---------- SUPPLIED RECORDS

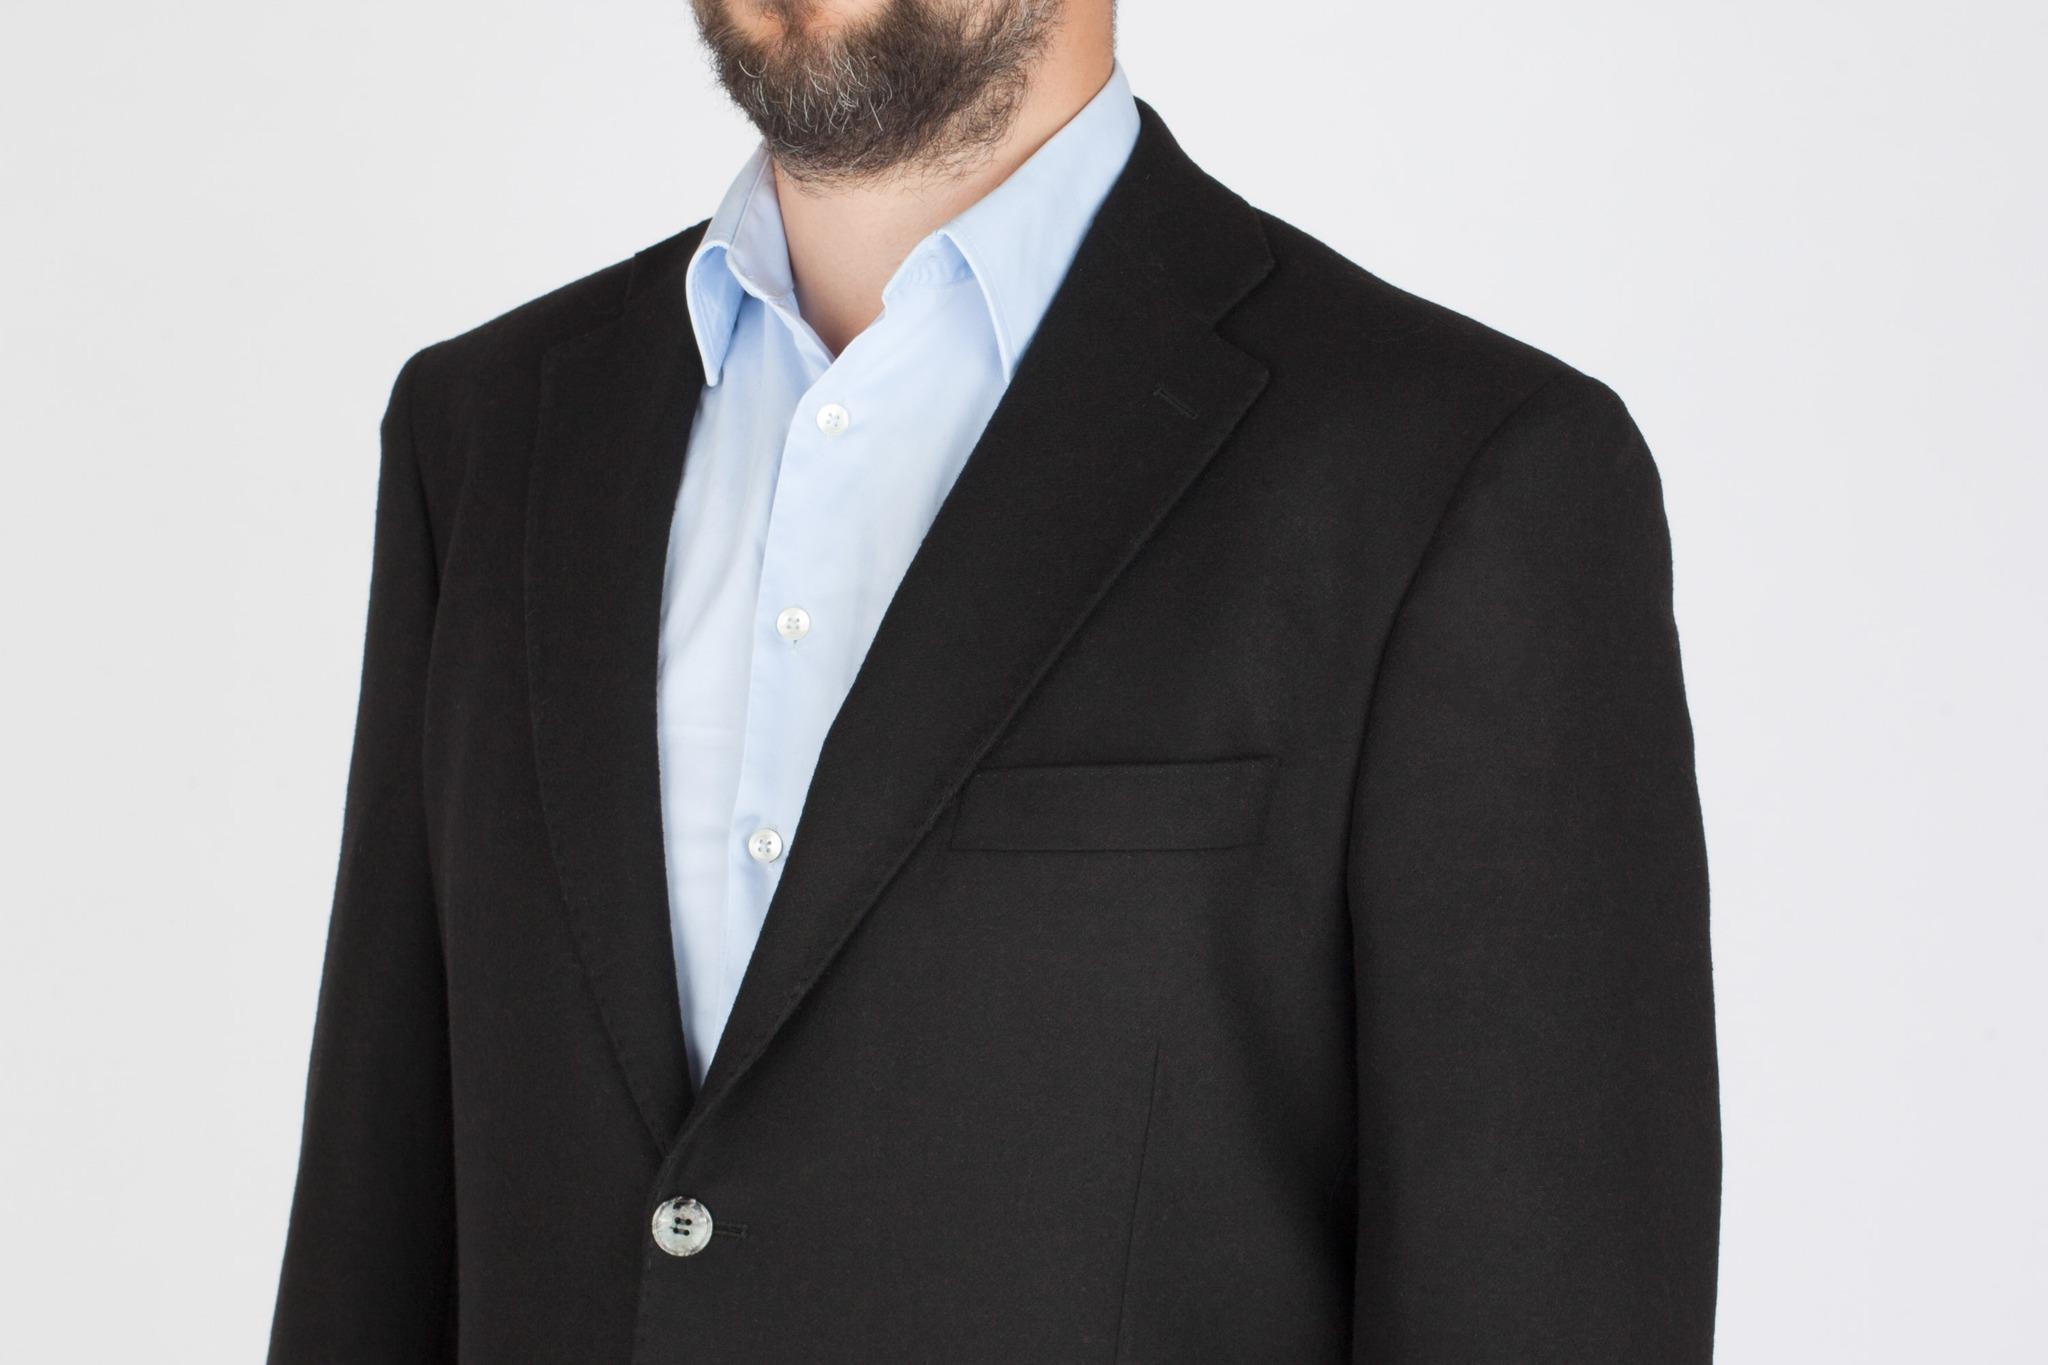 Чёрный костюм из 100%-ной шерсти, нагрудный карман
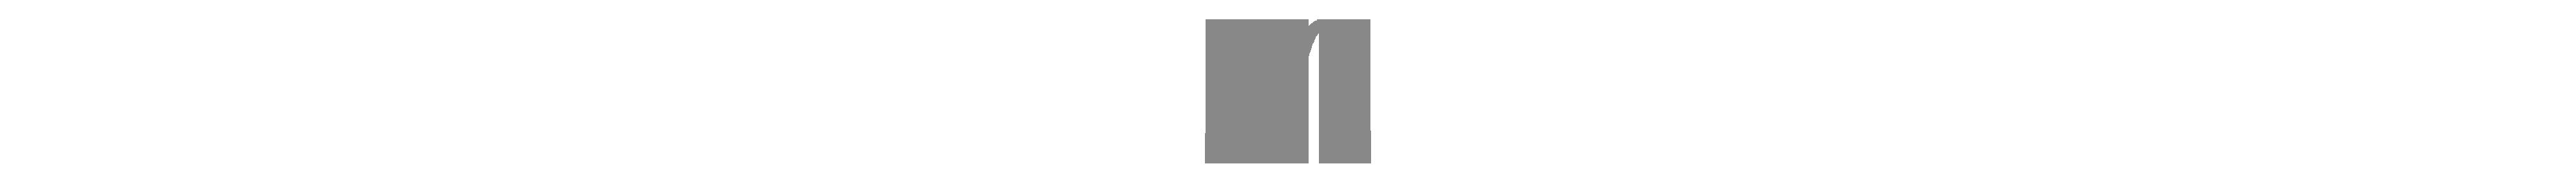 MCD-1
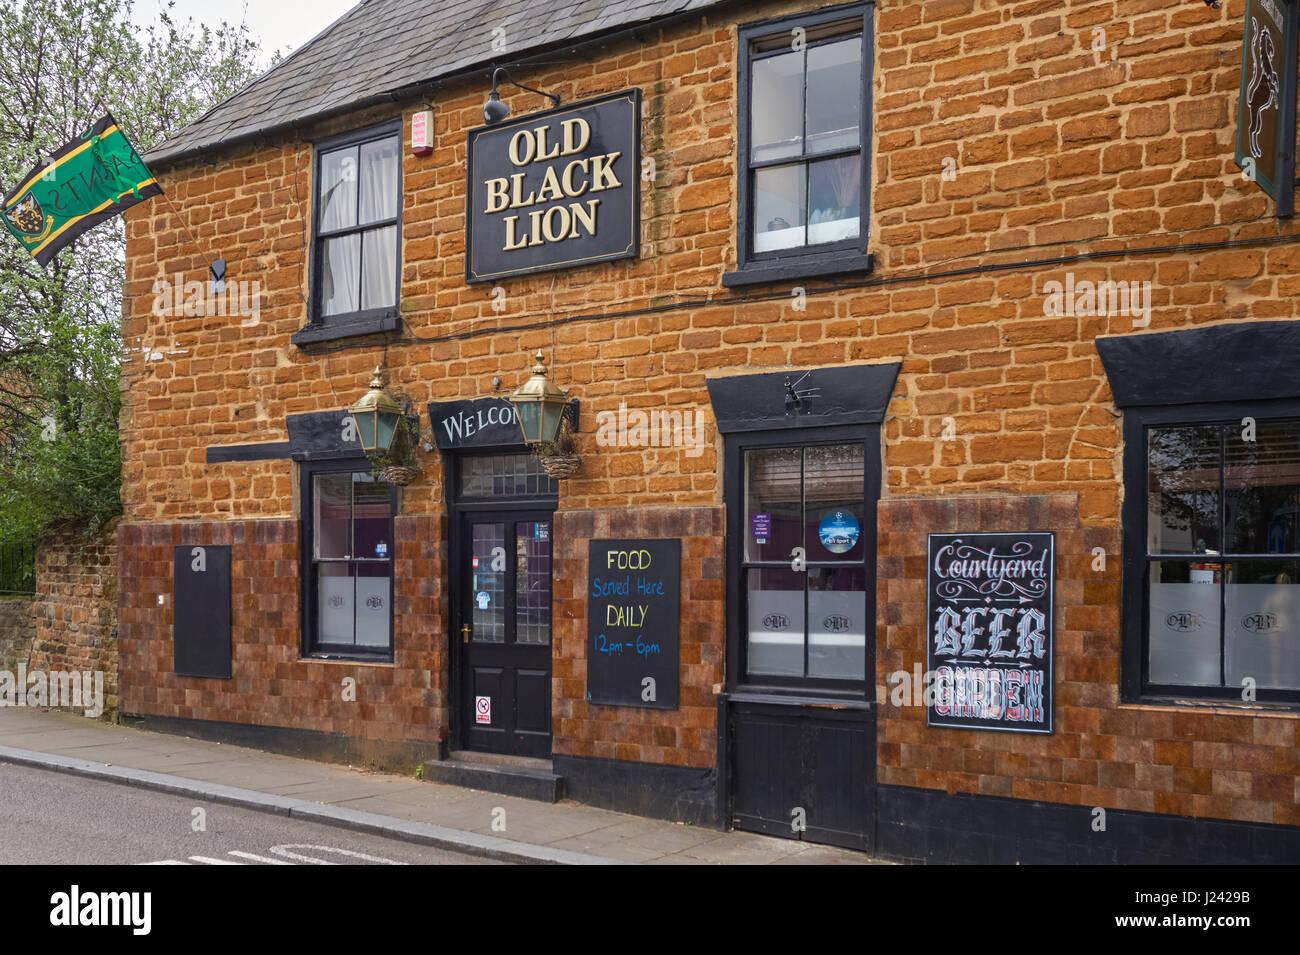 Old Black Lion pub in Northampton England United Kingdom UK - Stock Image
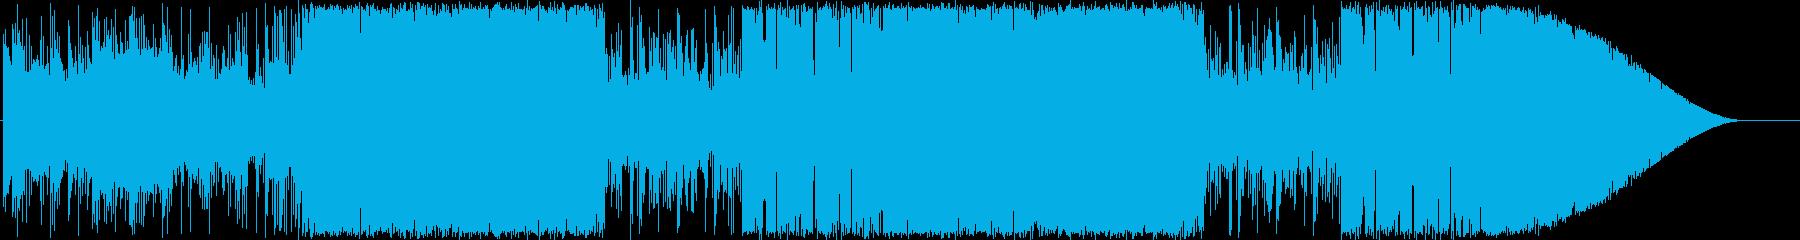 エレピとフルートの日常風BGMの再生済みの波形
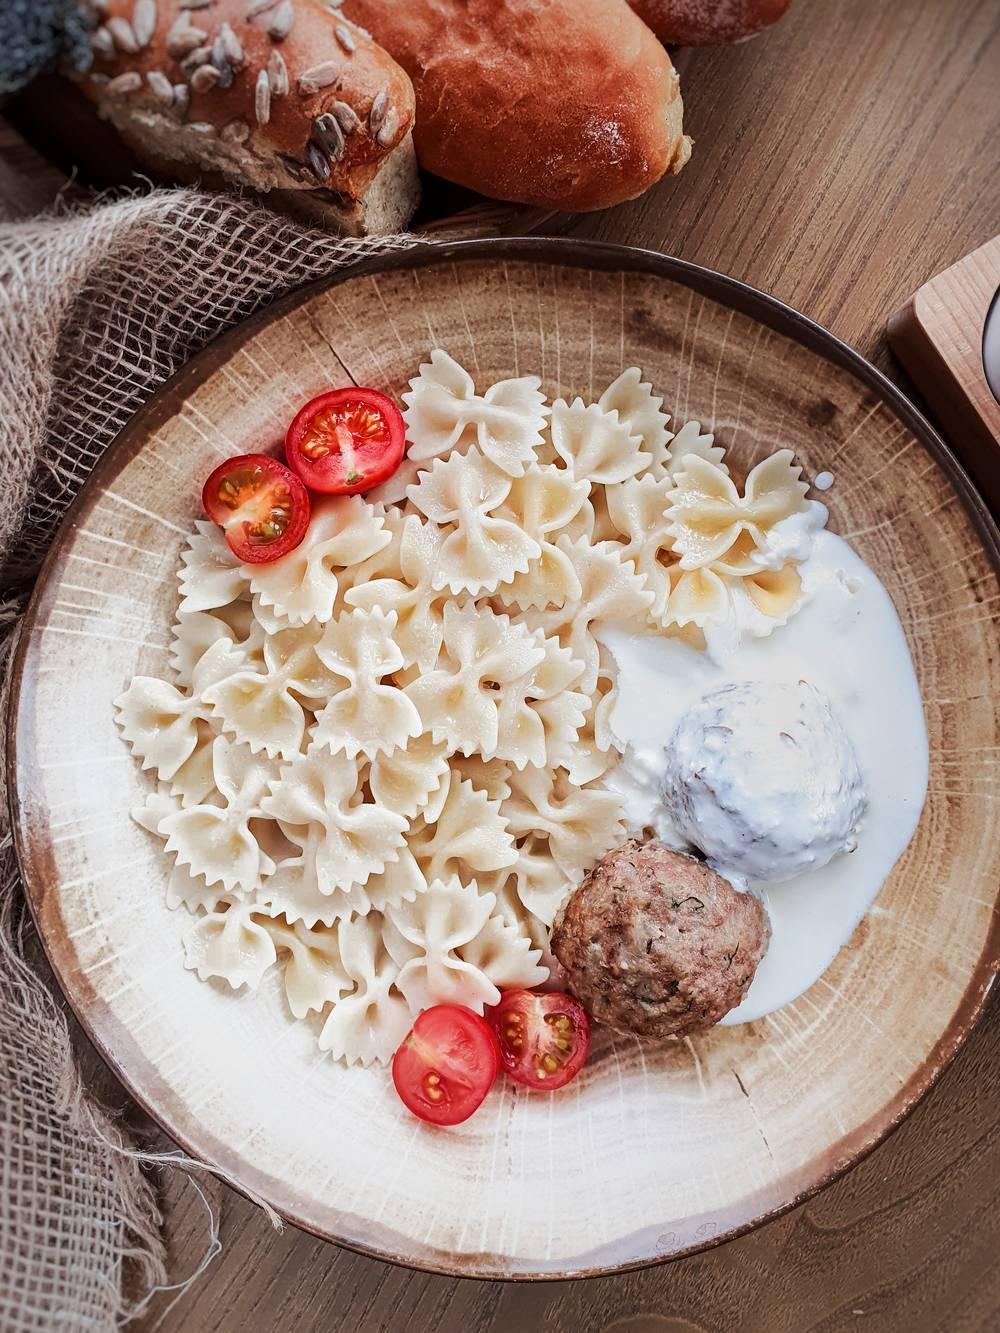 Тефтели мясные с макаронами доставка еды Волгоград кафе Marusya Маруся Дома
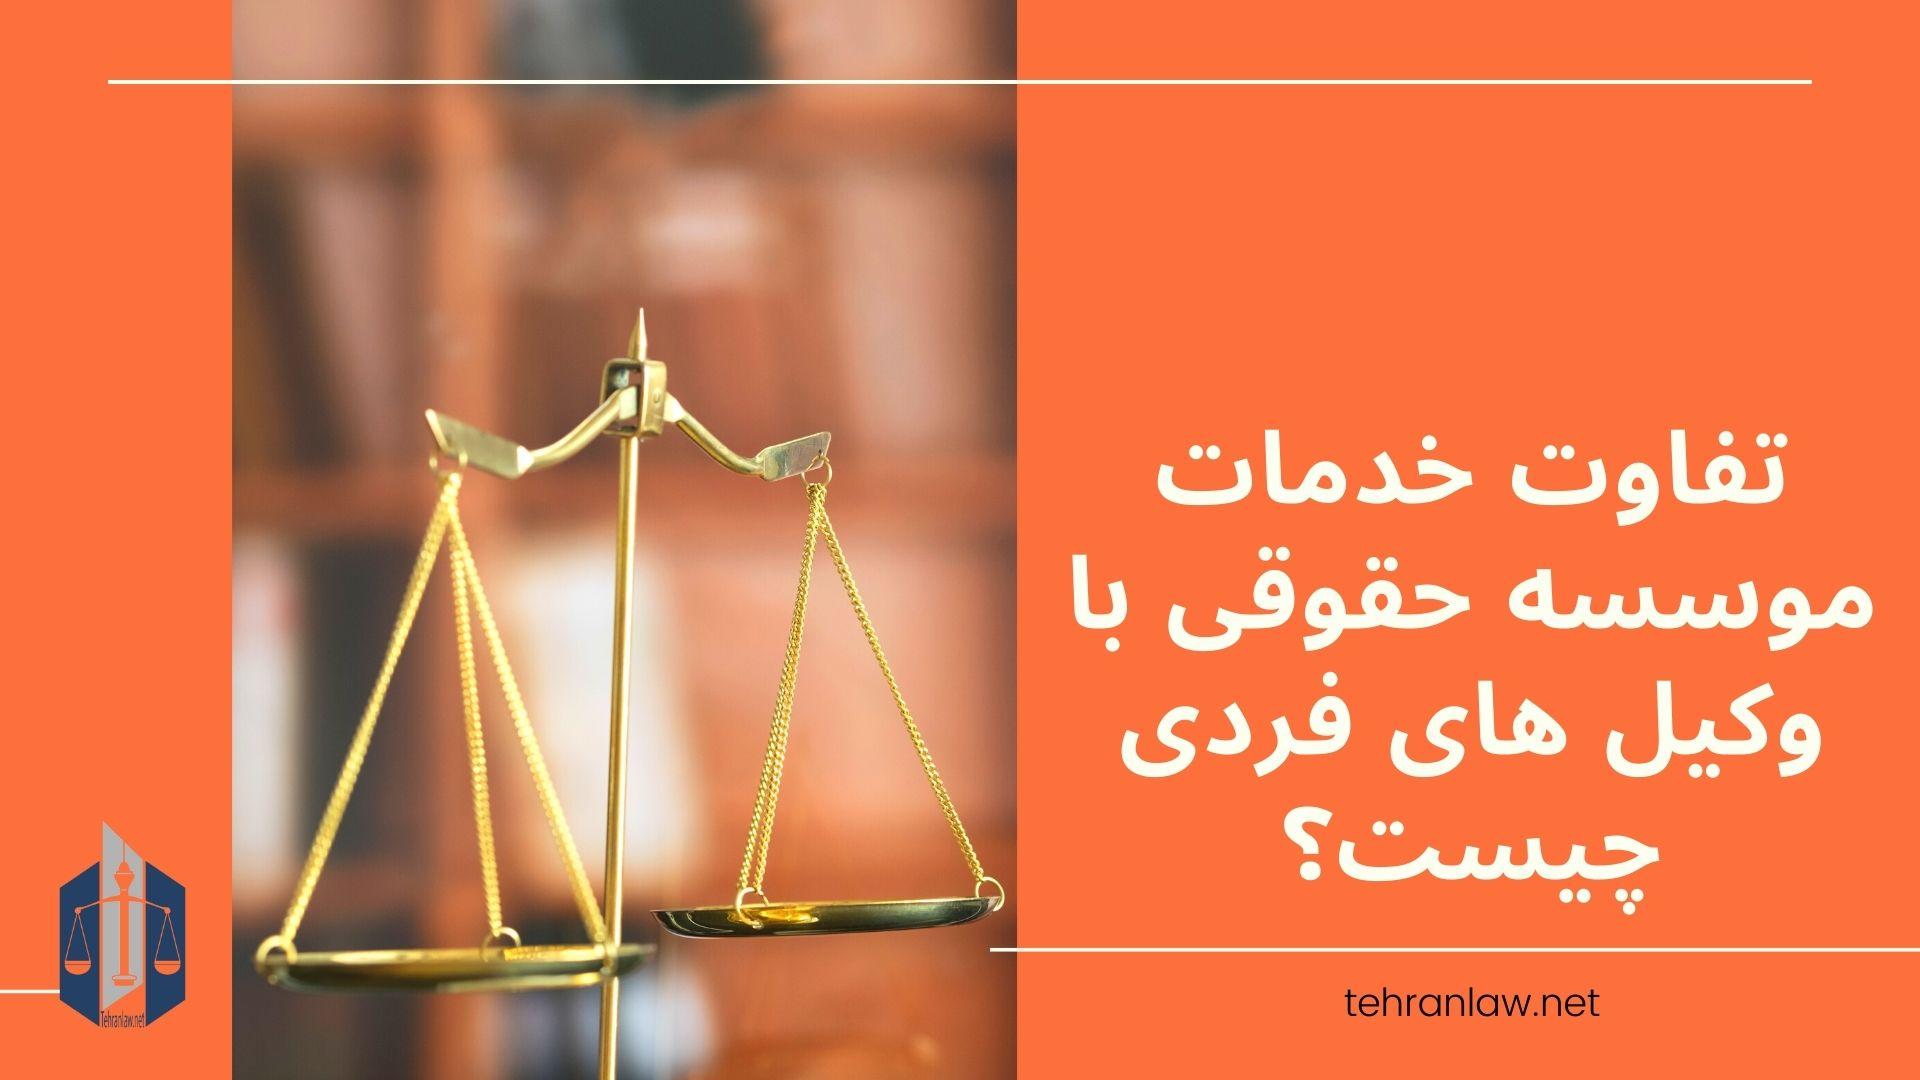 تفاوت خدمات موسسه حقوقی با وکیل های فردی چیست؟

--------------------

_ACTION ITEM_. In your copy of the listing, please omit the pictures and keep every word exact.

_YOUR SOLUTION_.
 Чёрный костюм из 100%-ной шерсти, нагрудный карман
 MCD-1
 Old Black Lion pub in Northampton England United Kingdom UK - Stock Image
 エレピとフルートの日常風BGMの再生済みの波形
 Тефтели мясные с макаронами доставка еды Волгоград кафе Marusya Маруся Дома
 تفاوت خدمات موسسه حقوقی با وکیل های فردی چیست؟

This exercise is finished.